Je partage ma dernière visite dans ce lieu merveilleux. Un jour de pluie malheureusement je n'ai pas pu profiter des extérieurs et de l'intégralité du bâtiment de Frank Gehry. La Fondation ouverte au plublic depuis octobre 2014 est connue entre autre pour ses collections et évènements temporaires. Voici quelques mots sur mon expérience parmi les oeuvres du MoMA à Paris, et une petite sélection de certaines  (parmi plus de 200 présentées).
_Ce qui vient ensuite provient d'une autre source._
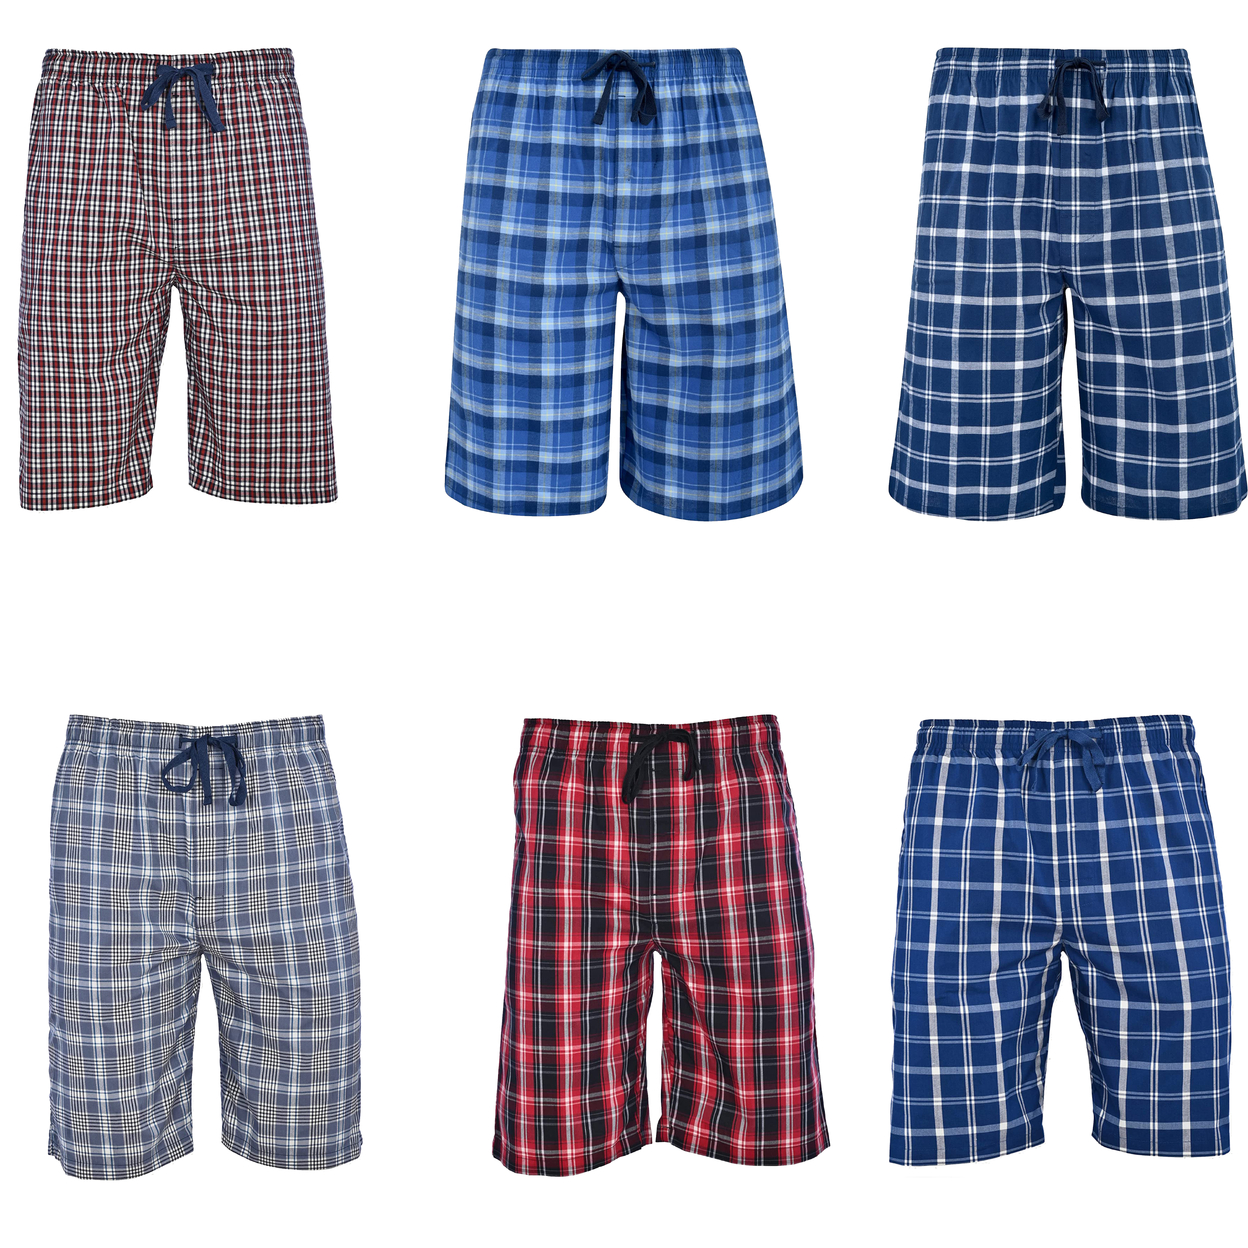 Men's Ultra-Soft Plaid Lounge Pajama Sleep Wear Shorts - Blue, Large

Pour respecter les analyses, j'ai choisi de restituer pour partie les extraits des mini-guides et catalogues de l'exposition.

"Etre moderne"

Le parcours globalement chronologique réunit des chefs d'oeuvre et oeuvres significatives des origines de l'art moderne à nos jours. Il est fidèle à la pluridisciplinarité fondatrice du musée mêlant les expressions artistiques : peinture, sculpture, photographie, film, imprimés, dessin, design, architecture, performance et nouveaux médias.

Selon Alfred H. Barr Jr. , premier directeur du MoMA, le moderne désigne "le progressif, l'original, le difficile, le plus que les valeurs sûres". Au travers de cette exposition-manifeste, la Fondation présente son défi permanent : "être moderne". Du 11 octobre 2017 au 5 mars 2018.

 1929-1950, Le projet novateur

L'introduction regroupe des chefs d'oeuvres de l'histoire du MoMA dont "Les baigneurs" de Cézanne, "l'Atelier" de Picasso et "La maison près de la voie ferrée" de Hopper. Figurent aussi des objets de design industriel, des photographies, films. Leur place donnée ici définit déjà le projet novateur. S'ajoutent ensuite d'autres oeuvres majeures acquises 10 ans plus tard à l'occasion de l'exposition "Art in Our Time" célébrant l'inauguration du nouveau bâtiment en 1939. Dont le célèbre "Poissons rouges" de Matisse.

S'ajoutent d'autres oeuvres pivots débutant avec la génération de Cézanne, se poursuivant avec les cubistes, les surréalistes et les abstraits des années 20-30. Les arts mécaniques fondent alors une nouvelle culture visuelle.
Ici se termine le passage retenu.